The communications people at the Uni got back to me and said it might have to have subtitles, but they could improve things by lowering the volume of the background music. My immediate reaction was unprintable, and while I managed to calm down, I wrote back to say that under no circumstances would I accept any kind of musical accompaniment. They cut out the music and managed to get it done with closed captions (the kind that are turned off my default).

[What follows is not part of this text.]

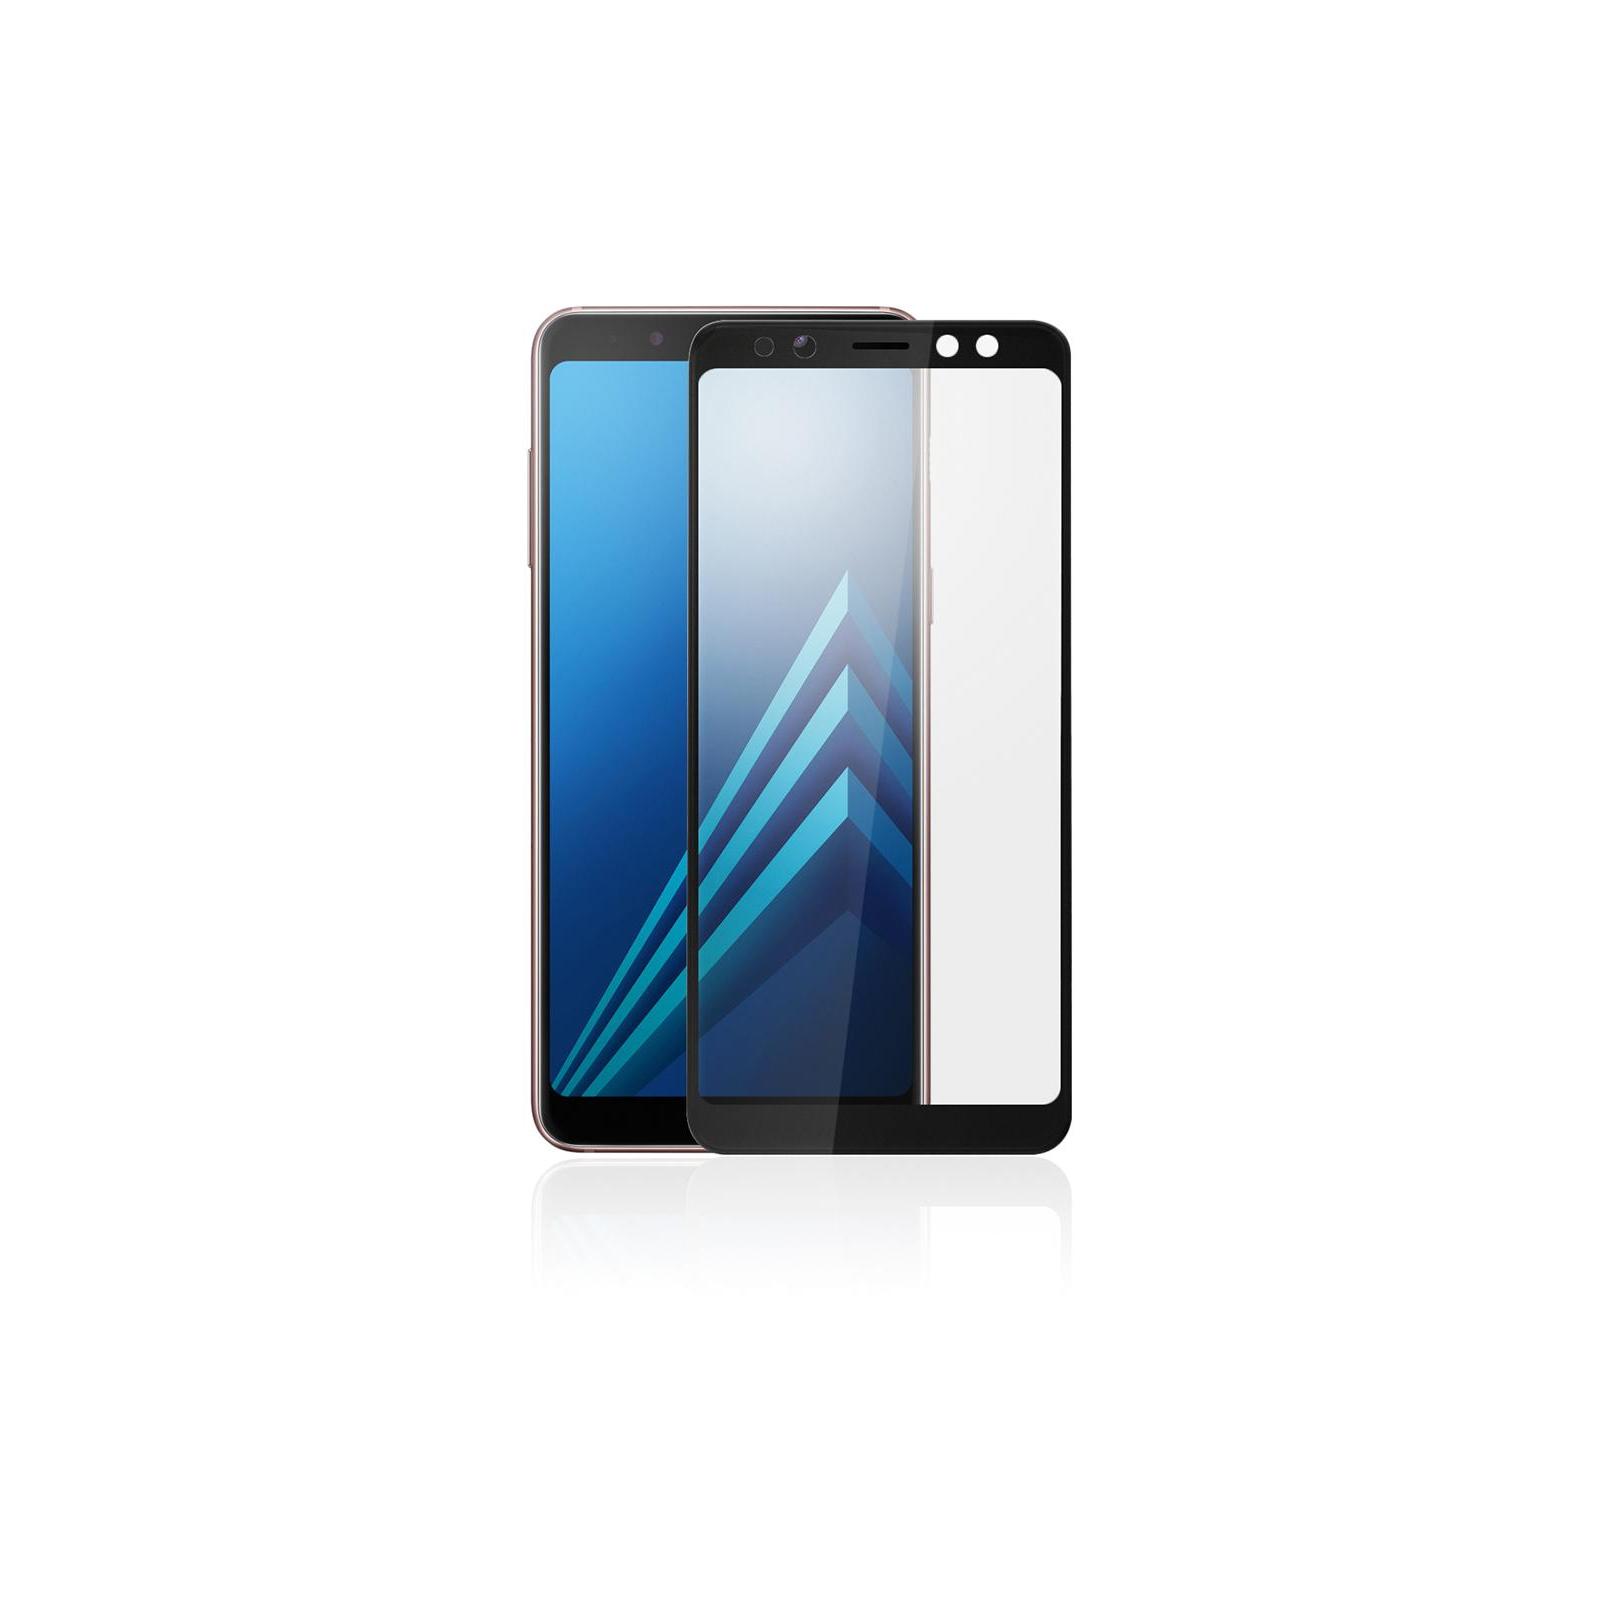 Стекло защитное Vinga для Samsung Galaxy A8 Plus (2018) A730 (VTPGS-A730) изображение 5

But, obviously, I’m in an aging and shrinking minority here. David Attenborough’s documentaries, which I used to love, are now unwatchable (or rather unlistenable), with lush orchestral music crashing over his narration. If it’s not that, it’s an annoying metronomic repetition of the same five notes over and over. When people complain, the answer is “this isn’t a lecture”. But that’s exactly what I want from a documentary – a lecture with high-quality video combining to convey more information than either alone. Music, by contrast, conveys no information at all (except, I guess, “this is bad music”). If I wanted a content-free audiovisual experience, I’d far prefer a live band at the pub, with smoke and strobe lights, to someone’s musical interpretation of animal behavior overlaid on some barely audible talk.

Thinking about this brings up the more general issue of background music in films. It’s such an established convention you barely notice it most of the time. But I’ve quite often had the experience of hearing vaguely dissonant music as a character enters a room, and not knowing if this is part of the film, supposed to be audible to the character, or just part of the soundtrack. It’s just as artificial in its way as the characters in a musical bursting into song at the drop of a hat, and yet it’s a standard part of what is supposed to be realistic drama.

That’s it from my Grumpy Old Guy persona. Does anyone share my grumpiness, or want to persuade me out of it.